What complicates matters is how mast cell activation can blur its edges with so many of the overlapping conditions. It weaves through IBS flare-ups, unexplained migraines, mysterious bruises, and even the infamous postural spikes and crashes. The body, in a sense, keeps the score not only in tender joints and erratic heartbeats but in every episode of itching, swelling, and gastrointestinal rebellion. Sometimes, it feels as if my immune system is an over-caffeinated security guard, sounding the alarm on shadows—hyperreactive, unpredictable, and easily triggered by stress, temperature shifts, or seemingly nothing at all.

Recognizing these patterns—tracking which foods, environments, or stressors precede a flare—became another data-point in my detective work that I am starting to watch. Antihistamines, low-histamine diets, and mast cell stabilizers may become just as important as compression and salt. Where some see only allergy, those of us living with chronic autonomic dysfunction know it’s a much deeper narrative, threaded through every system, every odd reaction, sometimes every day.
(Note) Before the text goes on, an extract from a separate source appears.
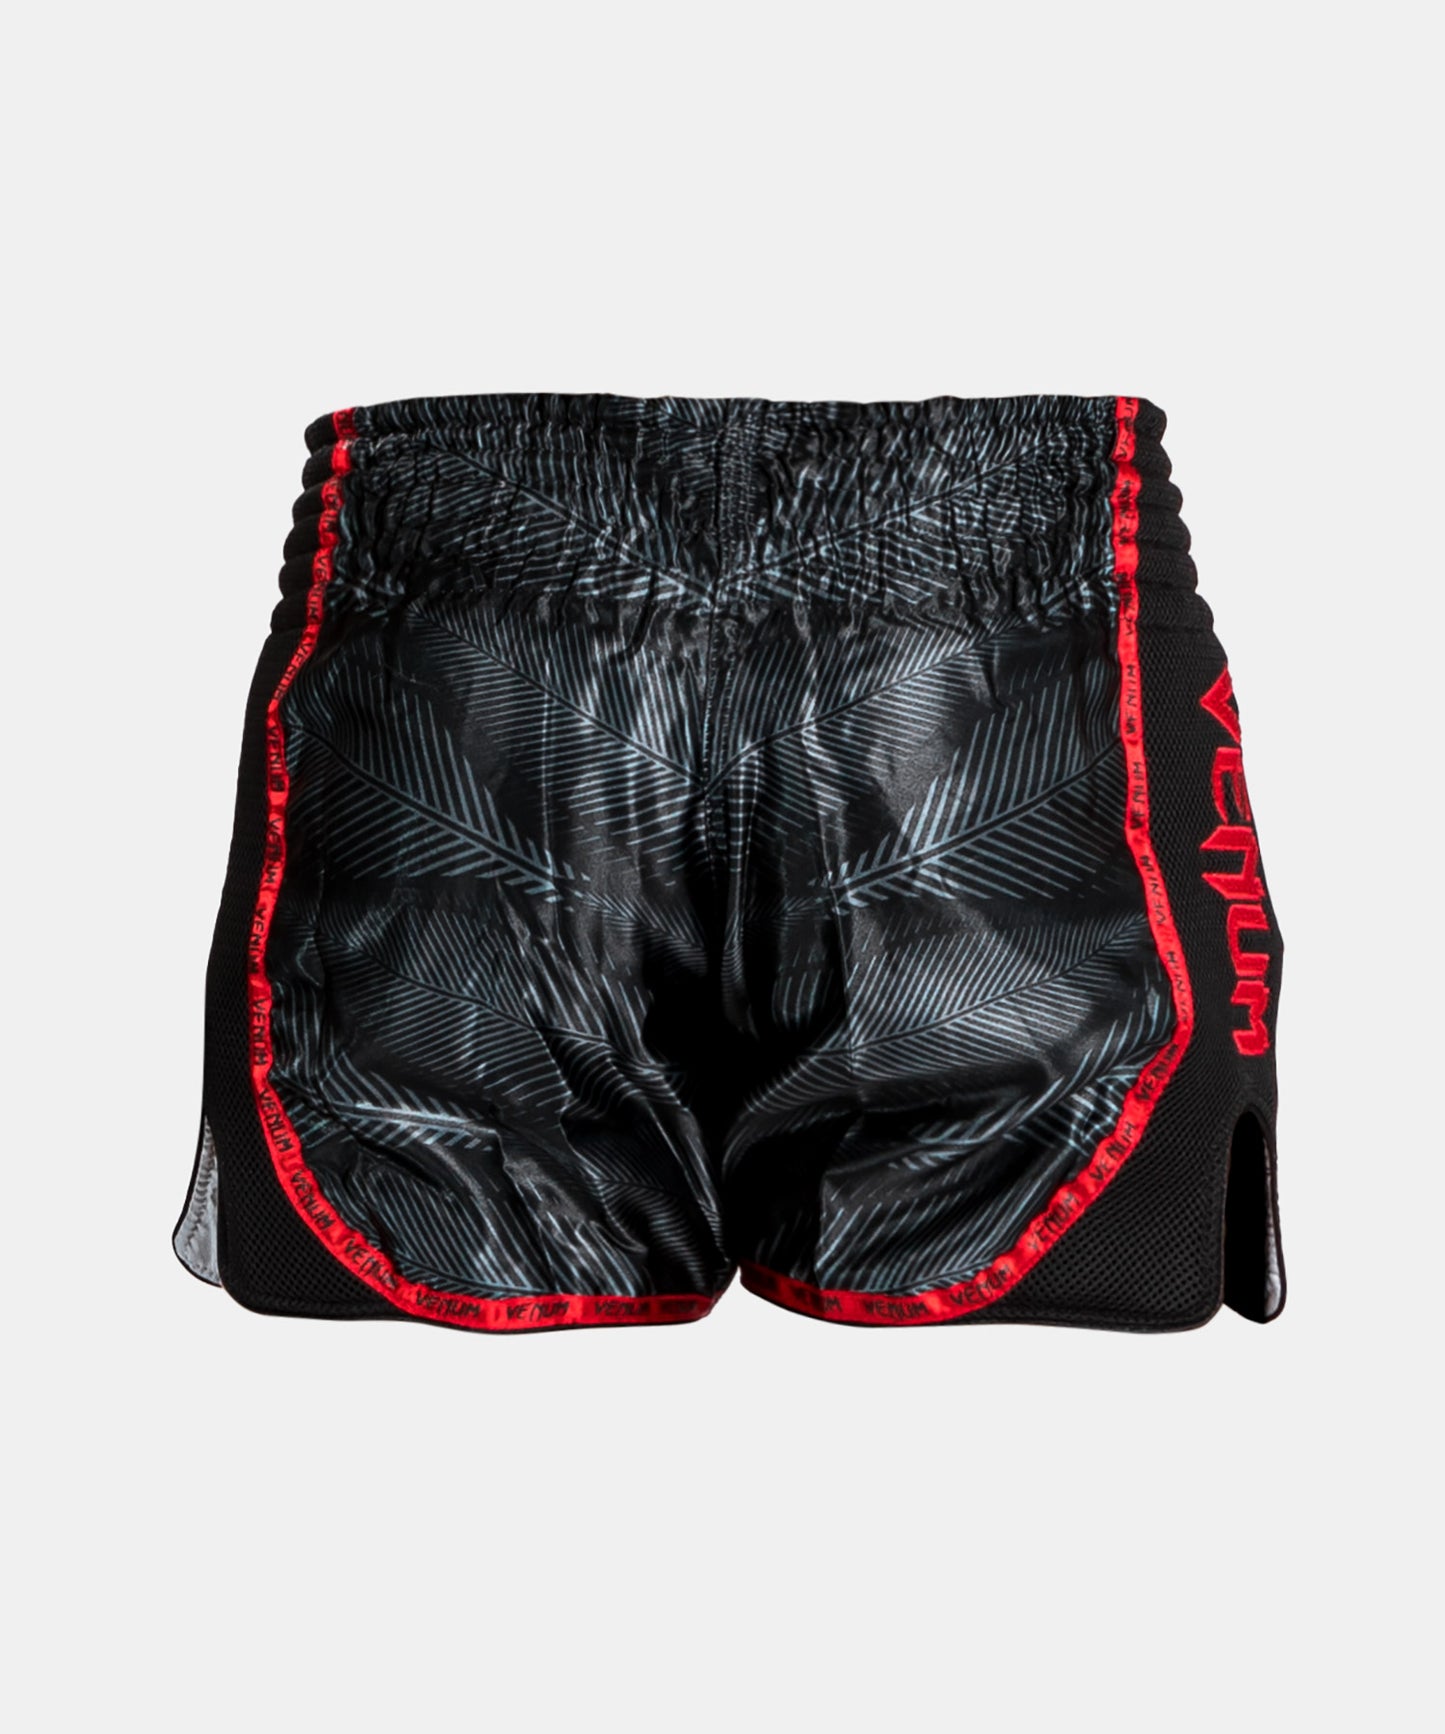 Pantalones De Boxeo Venum Phantom negro / rojo > Envío Gratis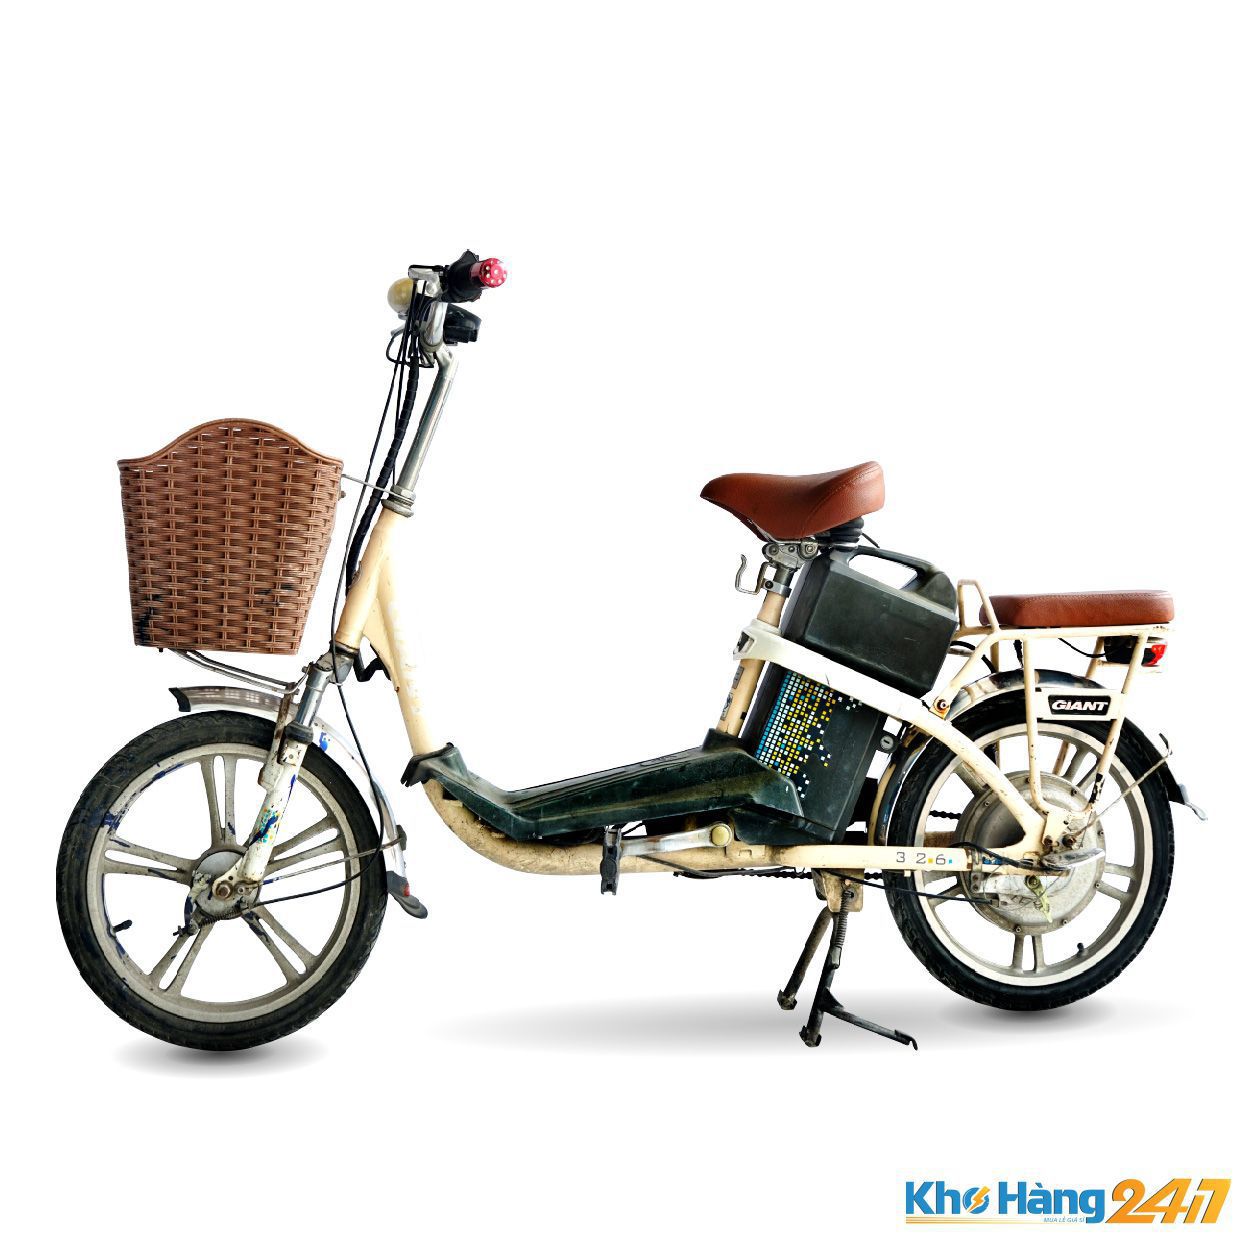 XE DAP DIEN GIANT 10 - Bán xe đạp điện cũ giá rẻ tại Tp.HCM

In the end, understanding the role of histamine and mast cells has become essential—another layer in the complex puzzle of living with these intertwined syndromes, and another reason self-advocacy and vigilance are so critical.

And so here I am, heart pounding as I type these words, racing through a first-person chaos writing that spans cardiology textbooks and midnight epiphanies. I’m stitching together my spikes and tumbles, my saline miracles and compression victories, my hypermobile souvenirs and EDS-spiced connective tissue oddities, all in pursuit of a single truth: that adult POTS can be measured in beats per minute but must be lived in every breath, every trembling step, every sweat-slicked summer afternoon.